Cytoplasmic FAS is threonine phosphorylated with feeding or insulin treatment. (A) FAS threonine phosphorylation in response to feeding in mouse liver. FAS was immunoprecipitated from cytoplasmic and membrane fractions and analyzed for phosphothreonine by western blotting. Mice were fed ad lib (fed) or fasted for 18 h (fasted). Representative blots are shown. Data are averages of two independent experiments. *P ≤ 0.05. (B) FAS threonine phosphorylation in response to insulin in Hepa1-6 cells. FAS was immunoprecipitated from Hepa1-6 cytoplasmic and membrane fractions and analyzed for phosphothreonine by western blotting. Cells were cultured in 0.5% FBS media for 4 h prior to harvest (starved) or in 0.5% FBS media for 4 h, then treated with 1 nM insulin in 10% FBS media for 15 min (refed/insulin). Representative blots are shown. Data are averages of two independent experiments. *P ≤ 0.05.
Analysis of FAS protein from unfractionated mouse liver by mass spectrometry revealed only a single peptide that was threonine phosphorylated. This modification was detected at two residues, Thr-1029 and Thr-1033 (a representative spectrum is shown in Fig. 5A). When liver FAS was separated into cytoplasmic and membrane-associated fractions and subjected to the same analysis, the phosphorylated peptide was found predominantly in the cytoplasm (Fig. 5B) despite similar total amounts of the peptide in both fractions (data not shown). These results suggest that the phosphorylated FAS species detected in the cytoplasm with feeding or insulin (Fig. 4A, B) is modified at Thr-1029 and Thr-1033.
Fig. 5.
Phosphorylation of cytoplasmic FAS at the dehydratase domain catalytic site controls downstream PPARα target gene expression. (A) Representative spectrum of the FAS P-T1029/P-T1033 phosphopeptide from wild-type mouse liver. (B) Distribution of P-T1029/P-T1033 phosphopeptides identified by mass spectrometry in cytoplasm and membrane fractions of mouse liver. Although the proportion of phosphorylation differed based on fraction, peptide abundances (phosphorylated + nonphosphorylated) were similar for the membrane and cytoplasm fractions (not shown). (C) Position of P-T1029 and P-T1033 amino acid residues in relation to the FAS dehydratase domain active site residues. D1032 is one of two dehydratase domain catalytic residues in FAS. (D) Sequence alignment of the FAS putative phospho-amino acids and dehydratase domain active sites in several species. (E) FAS phosphosite mutants in human FAS. (F) RT-PCR analyses of PPARα target gene expression in Hepa1-6 cells expressing wild-type or S1028A mutant FAS. Endogenous FAS was knocked down using lentiviral shRNA for murine FAS. Wild-type or mutant human FAS was expressed using retroviruses.

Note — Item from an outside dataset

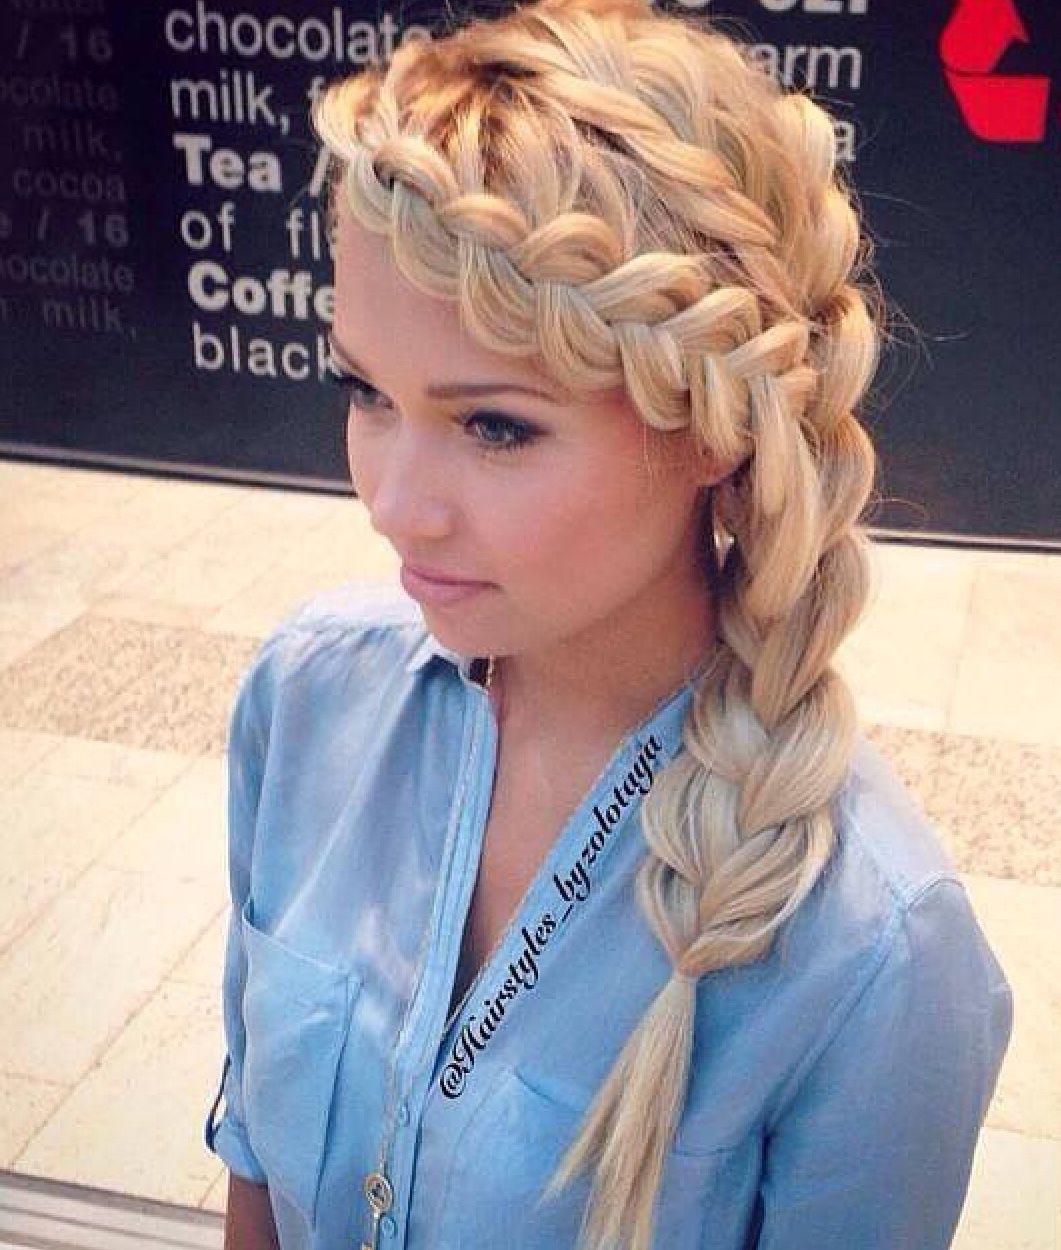 Elegant Updo Wedding Hairstyles Spring 2015: Pinterest @ AceOfSpadessss ♠️

Data are averages of three independent experiments. *P ≤ 0.05. (G) RT-PCR analyses of PPARα target gene expression in Hepa1-6 cells expressing wild-type or T1032A mutant FAS. Assay performed as in (F). Data are averages of three independent experiments. (H) RT-PCR analyses of PPARα target gene expression in Hepa1-6 cells expressing wild-type or S1028A/T1032A mutant FAS. Assay performed as in (F). Data are averages of three independent experiments. *P ≤ 0.05. (I) PPRE-luciferase activity in Hepa1-6 cells expressing wild-type or S1028A/T1032A mutant FAS. Wild-type or mutant human FAS was expressed using retroviruses. Endogenous FAS was knocked down using lentiviral shRNA for murine FAS. Cells were cotransfected with plasmids encoding 3× PPRE-firefly luciferase and Renilla luciferase. PPRE-luciferase activity is reported as the ratio of firefly/Renilla luciferase luminescence. N = 3–6/group. ***P ≤ 0.0005.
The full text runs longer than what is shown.